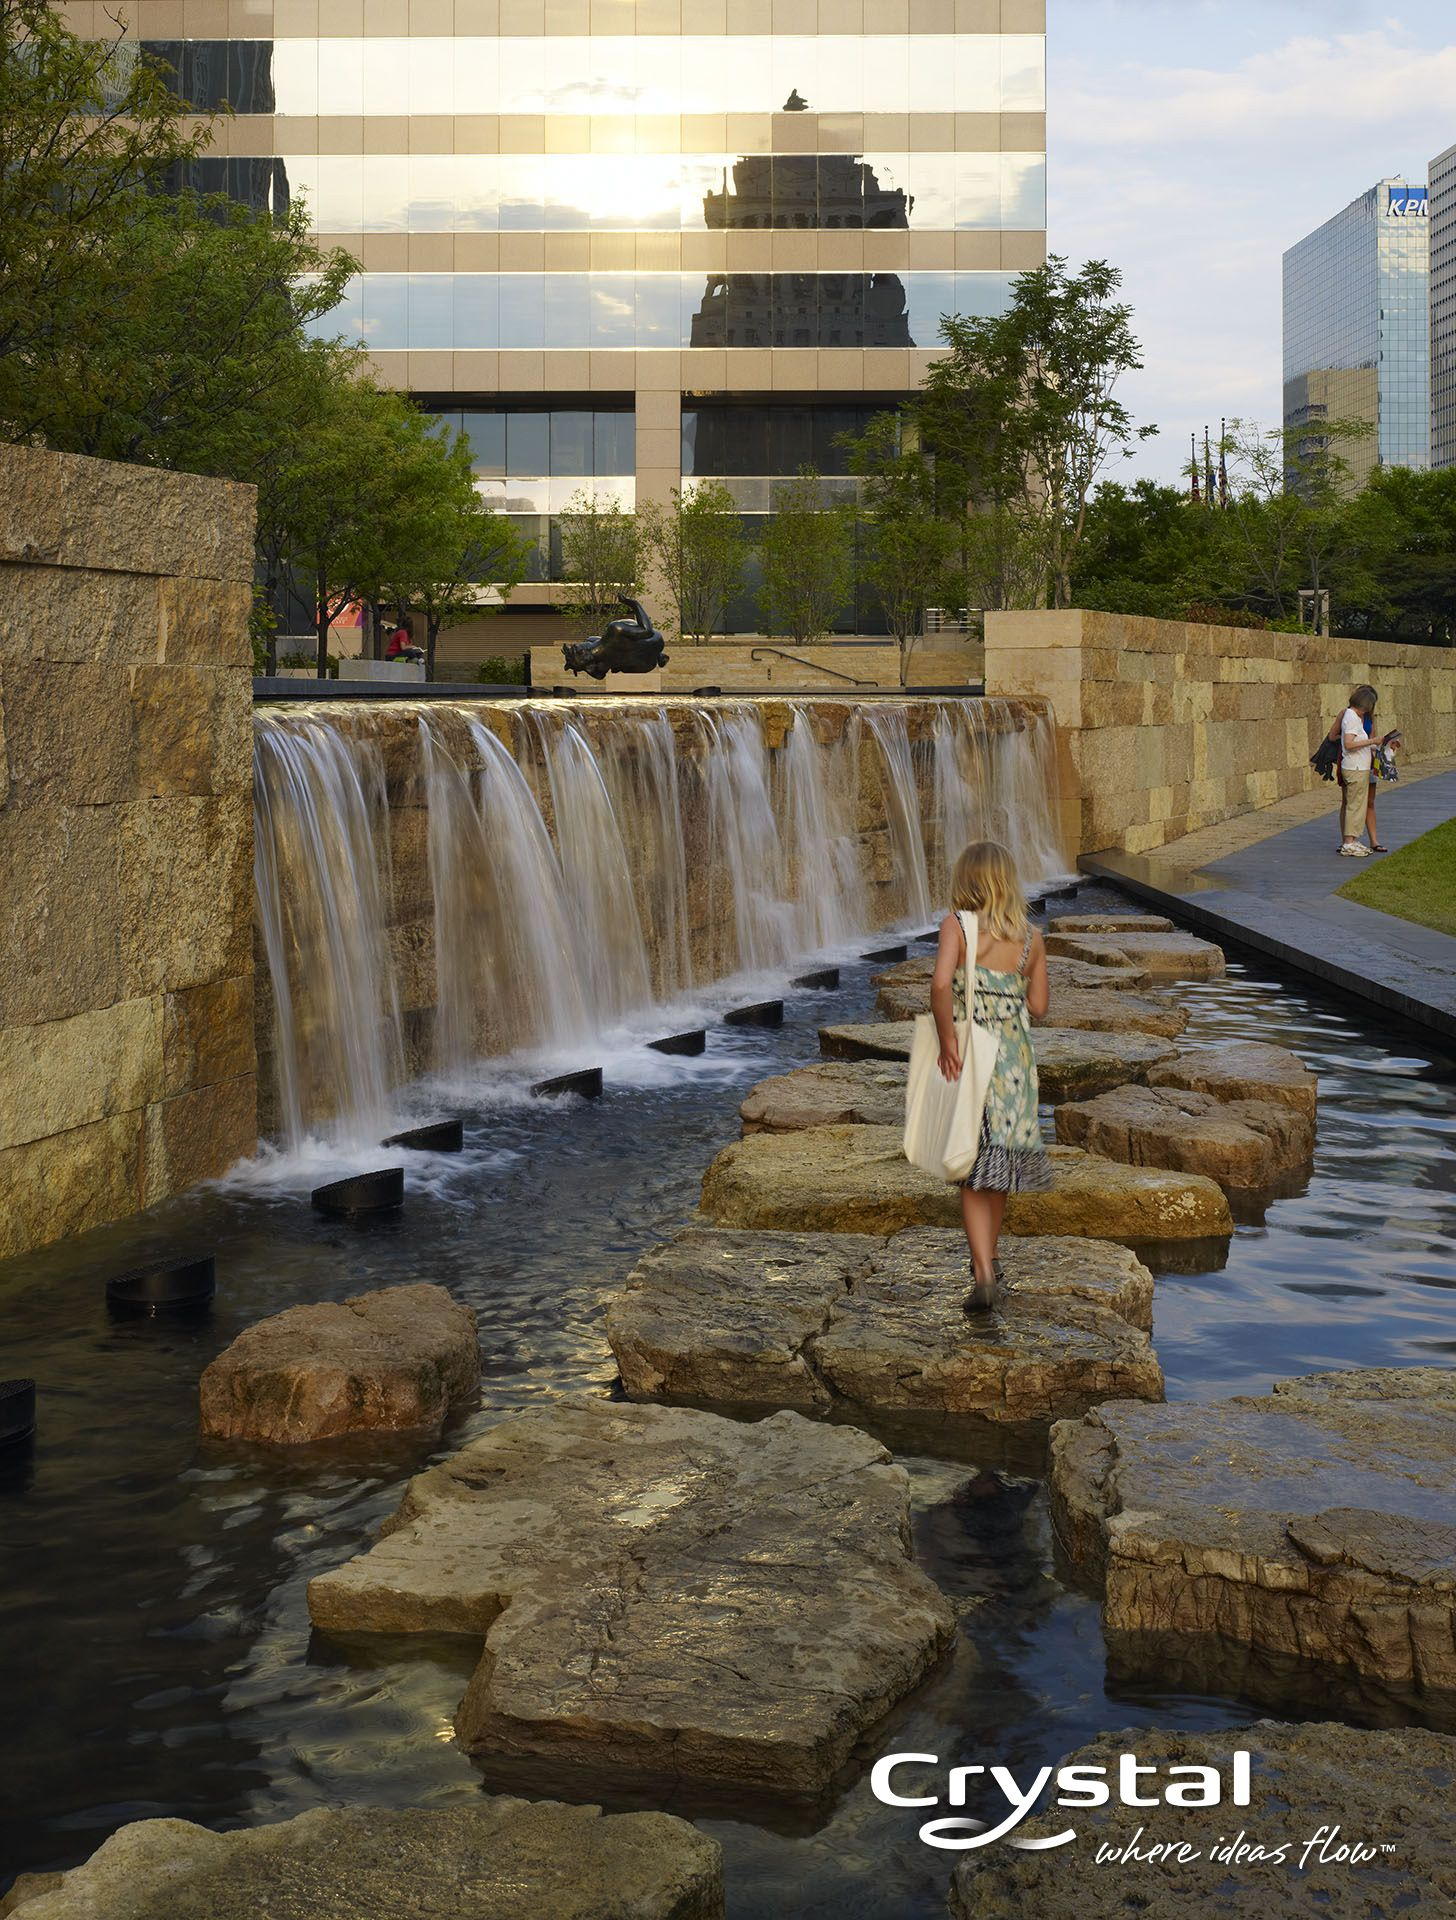 Citygarden - St. Louis, MO  Photo by Hydro Dramatics
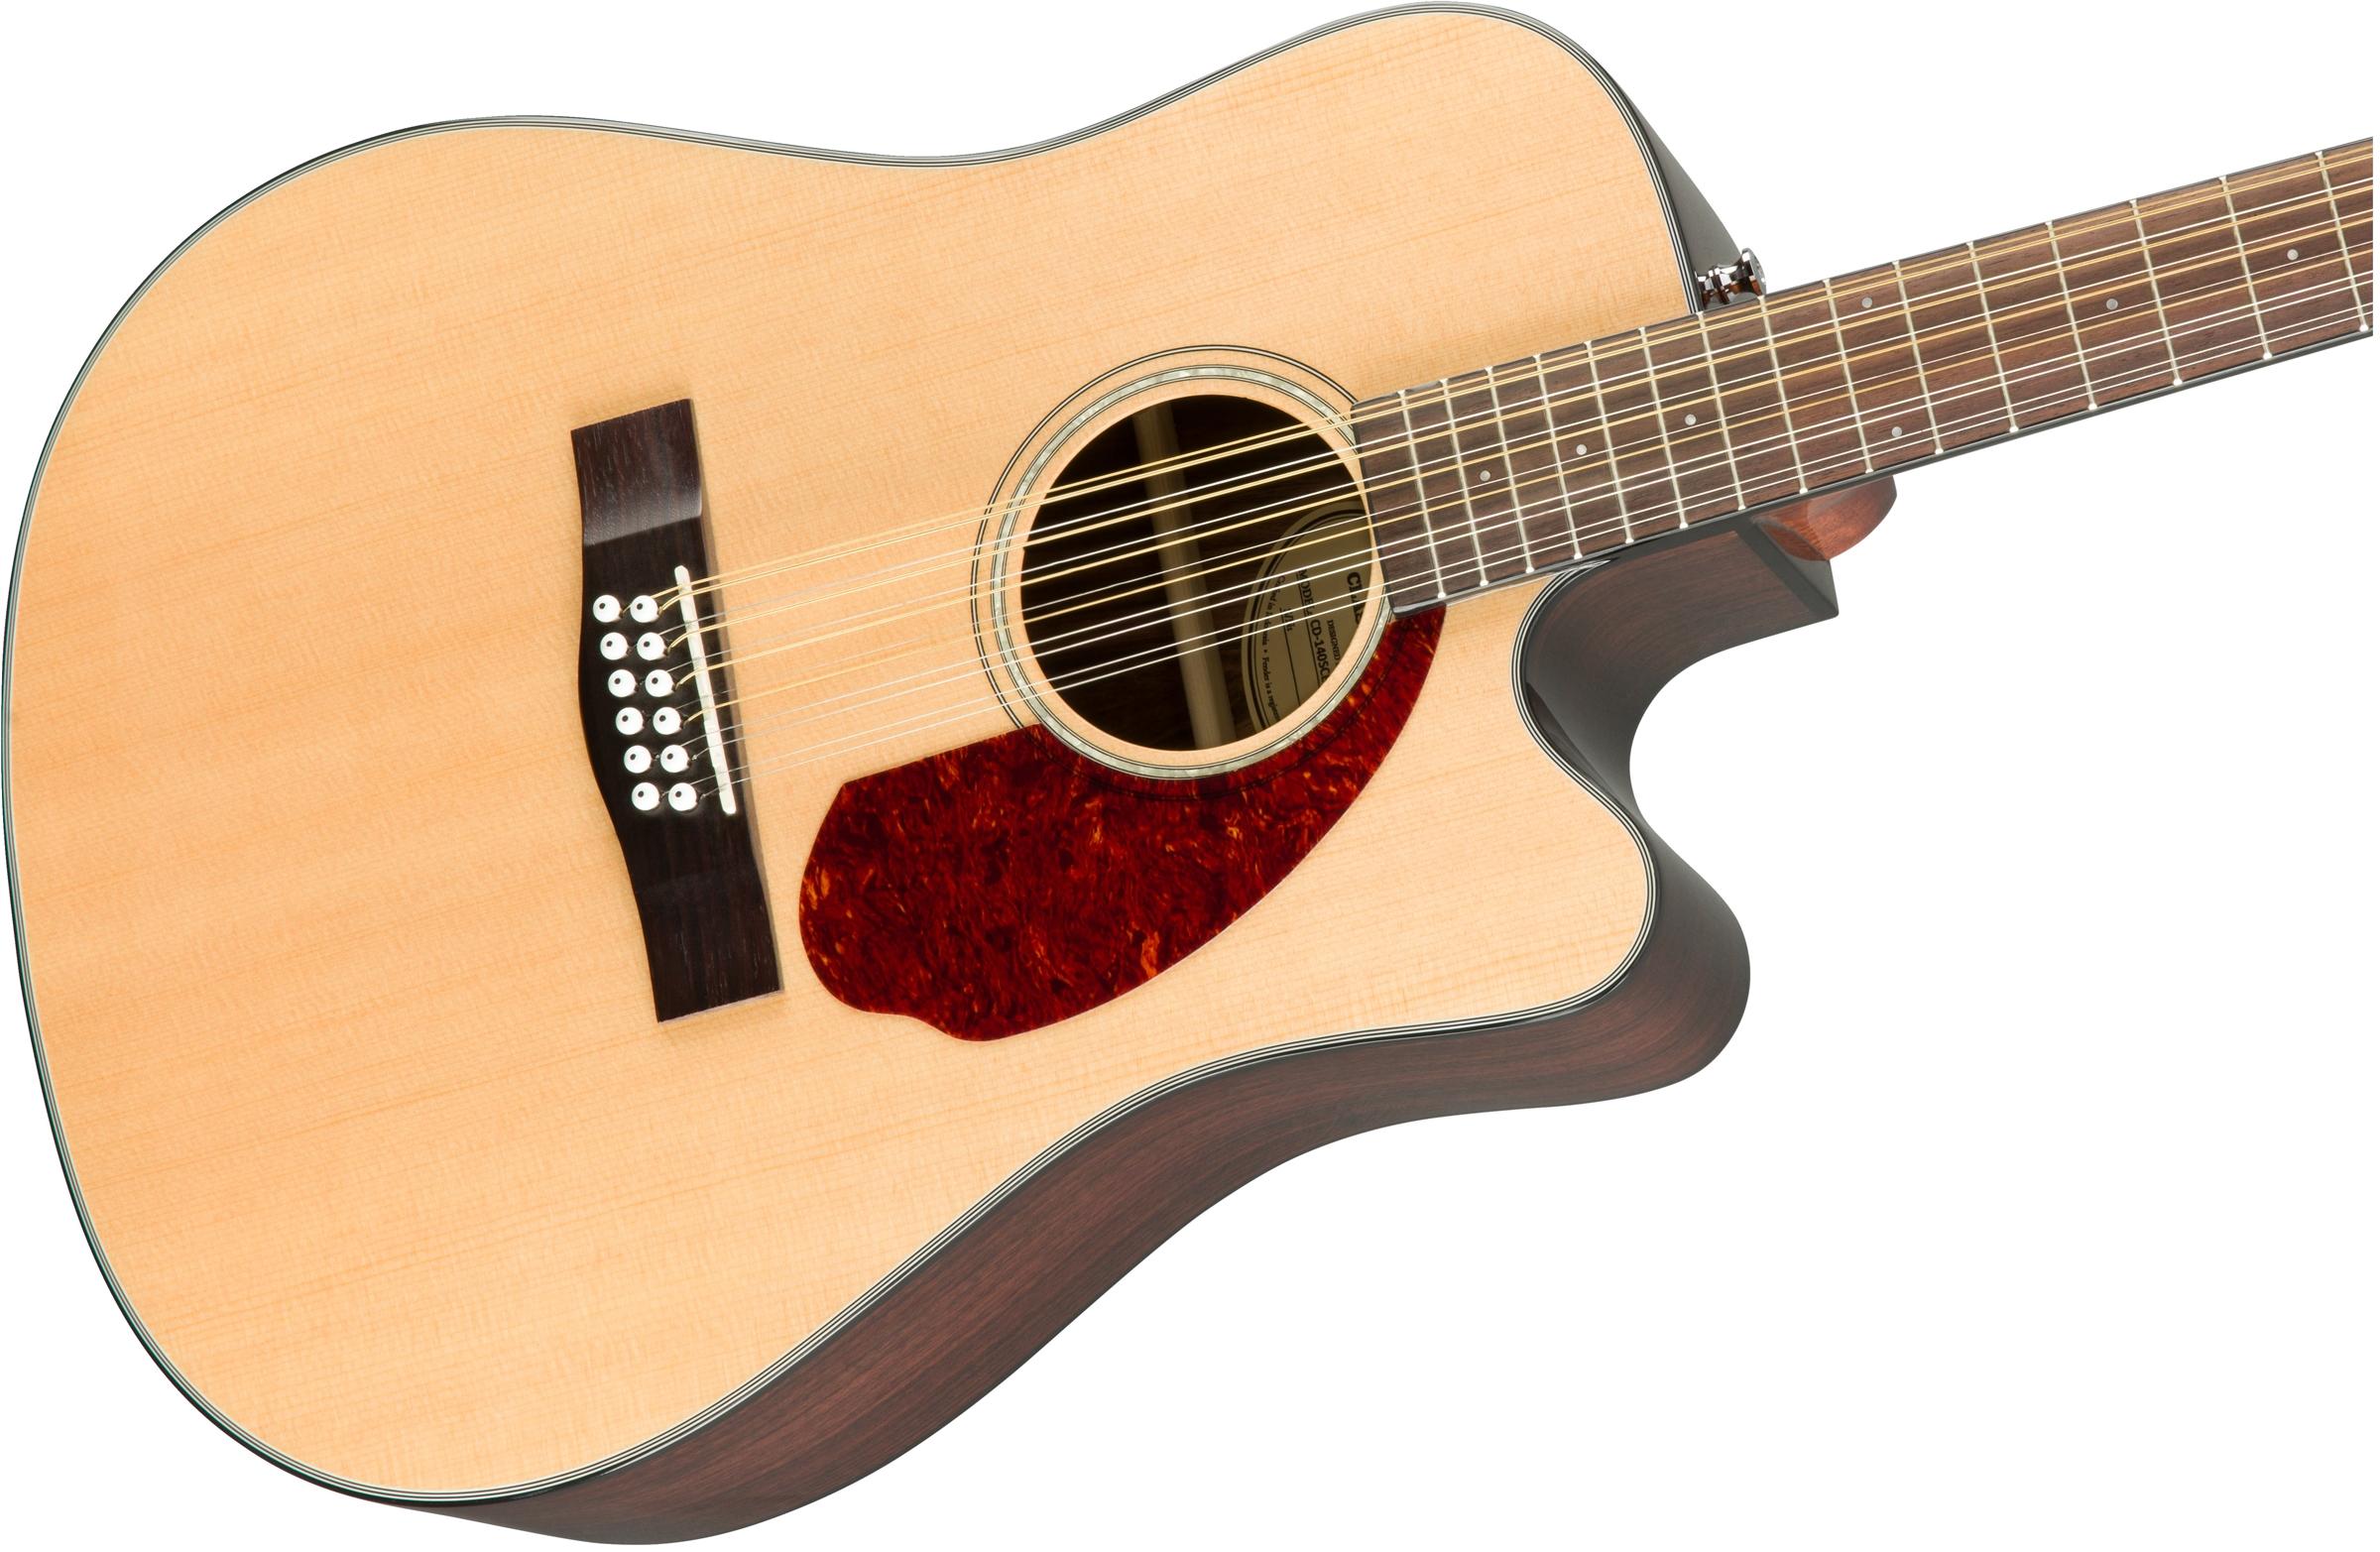 cd 140sce 12 string acoustic guitars 12 String Electric Fender Strat cd 140sce 12 string
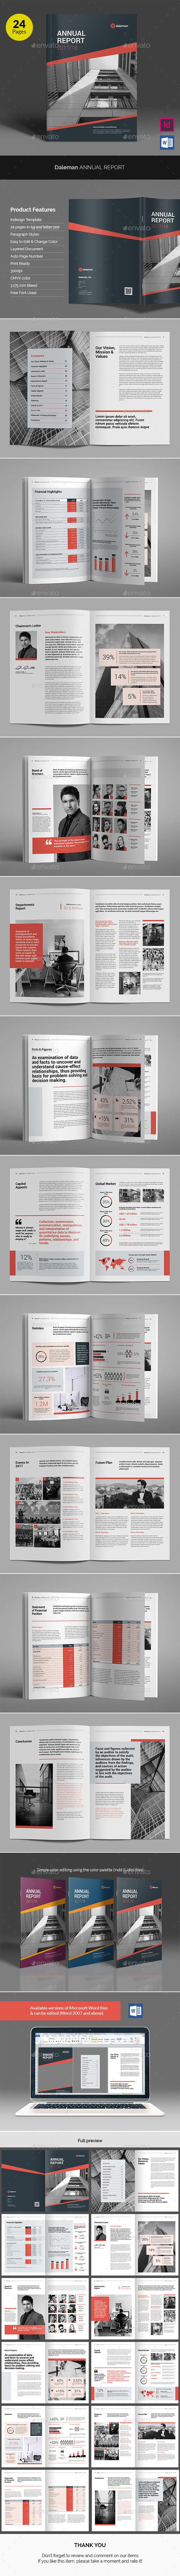 Daleman Annual Report v02 - Corporate Brochures
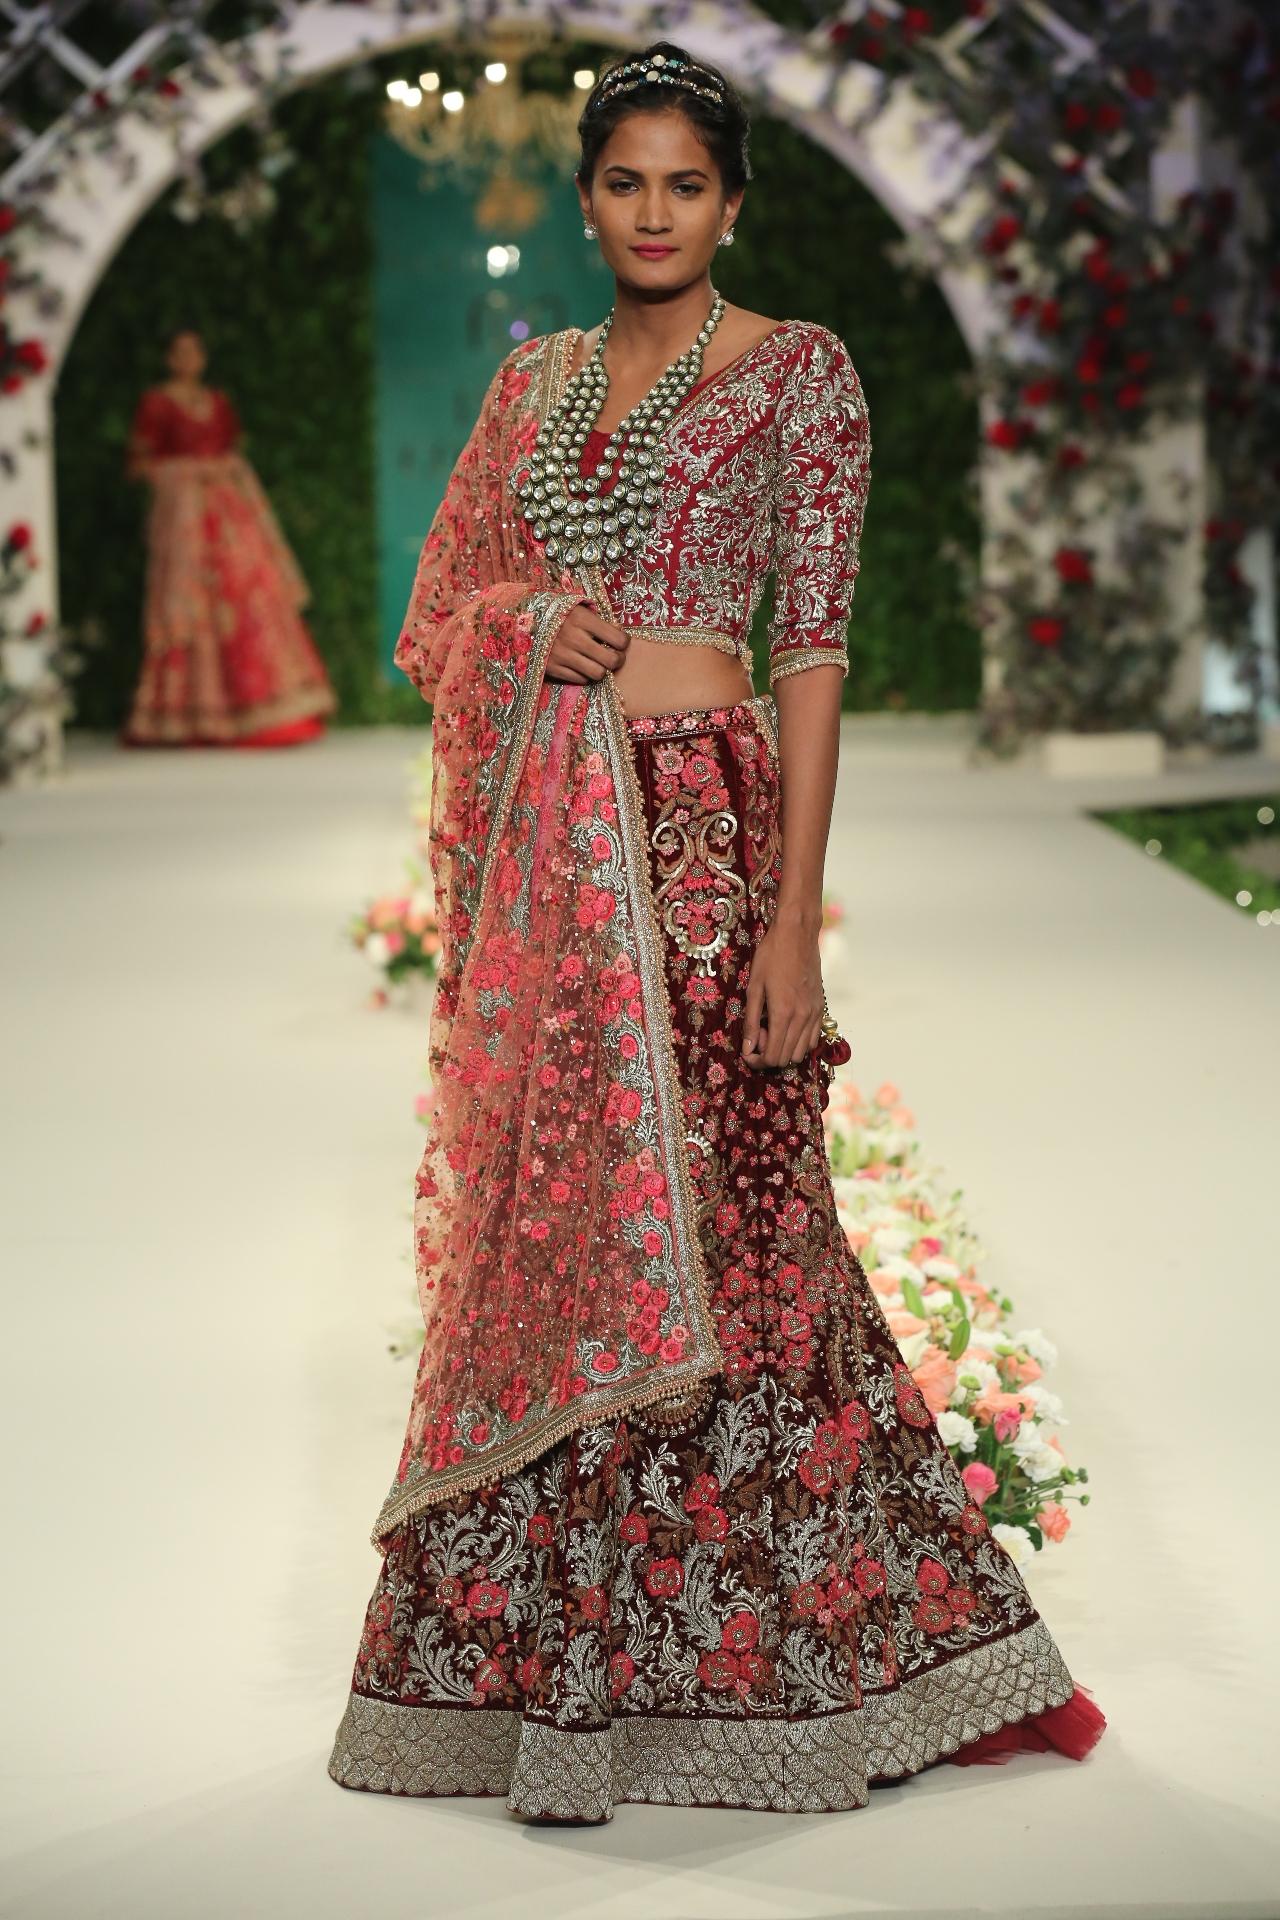 Varun Bahl 'Vintage Garden' - FDCI India Couture Week 2016

◆ ◆ ◆ ◆

WHAT YOU ARE ASKED TO DO: Every line from the one with "Daleman Annual Report" through the last line of the data must be copied exactly. Leave the pictures out.

WRITTEN RESPONSE:
 Daleman Annual Report v02 - Corporate Brochures
 Varun Bahl 'Vintage Garden' - FDCI India Couture Week 2016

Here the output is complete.